Psmith rose from his chair with a vehemence almost equal to that recently displayed by Mr McTodd. It was his intention to add himself immediately to the group. He raced across the room in a manner that drew censorious glances from the local greybeards, many of whom had half a mind to write to the committee about it.
But when he reached the open air the pavement at the foot of the club steps was empty. The girl was just vanishing round the corner into the Strand, and of Lord Emsworth there was no sign whatever.
By this time, however, Psmith had acquired a useful working knowledge of his lordship’s habits, and he knew where to look. He crossed the street and headed for the florist’s shop.
‘Ah, my dear fellow,’ said his lordship amiably, suspending his conversation with the proprietor on the subject of delphiniums, ‘must you be off? Don’t forget that our train leaves Paddington at five sharp. You take your ticket for Market Blandings.’
Psmith had come into the shop merely with the intention of asking his lordship if he happened to know Miss Halliday’s address, but these words opened out such a vista of attractive possibilities that he had abandoned this tame programme immediately.
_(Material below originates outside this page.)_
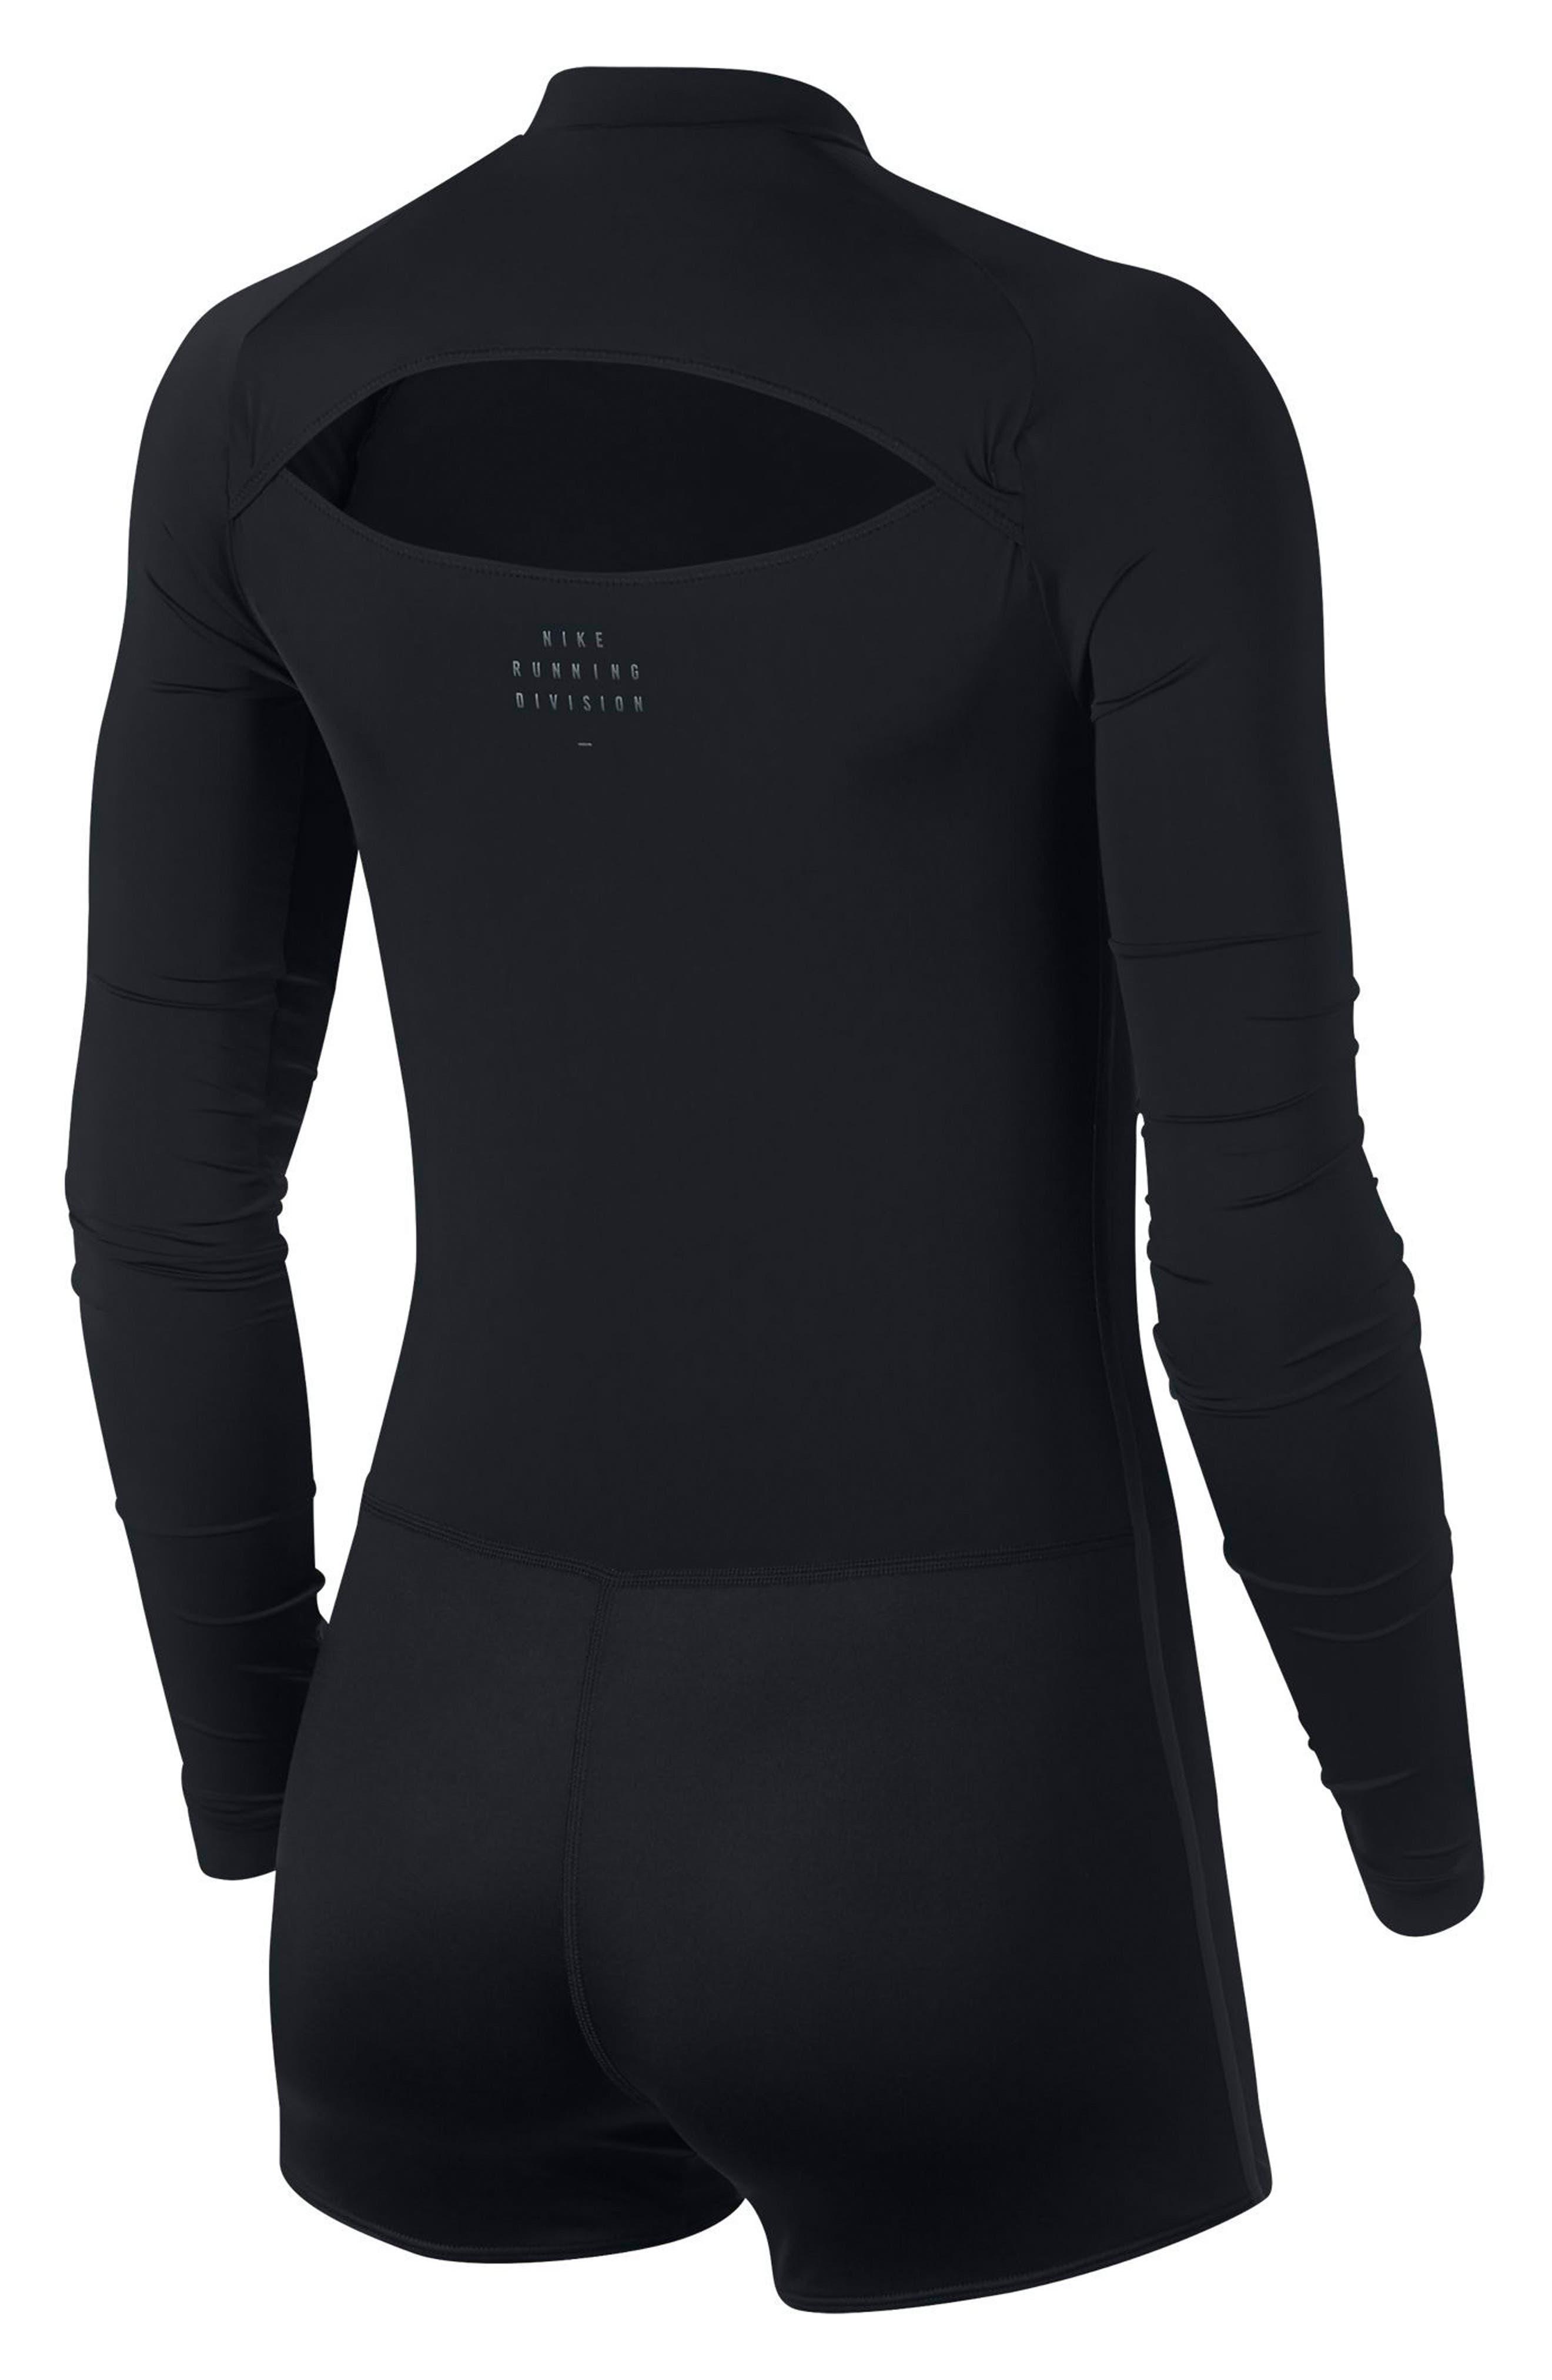 Running Division Women's Running Bodysuit,                             Alternate thumbnail 2, color,                             BLACK/ REFLECT BLACK

He remembered now that among Mr McTodd’s remarks on things in general had been one to the effect that he had received an invitation to visit Blandings Castle – of which invitation he did not propose to avail himself; and he argued that if he had acted as substitute for Mr McTodd at the club, he might well continue the kindly work by officiating for him at Blandings. Looking at the matter altruistically, he would prevent his kind host much disappointment by taking this course; and, looking at it from a more personal viewpoint, only by going to Blandings could he renew his acquaintance with this girl. Psmith had never been one of those who hang back diffidently when Adventure calls, and he did not hang back now.
‘At five sharp,’ he said. ‘I will be there.’
‘Capital, my dear fellow,’ said his lordship.
‘Does Miss Halliday travel with us?’
‘Eh? No, she is coming down in a day or two.’
‘I shall look forward to meeting her,’ said Psmith.
He turned to the door, and Lord Emsworth with a farewell beam resumed his conversation with the florist.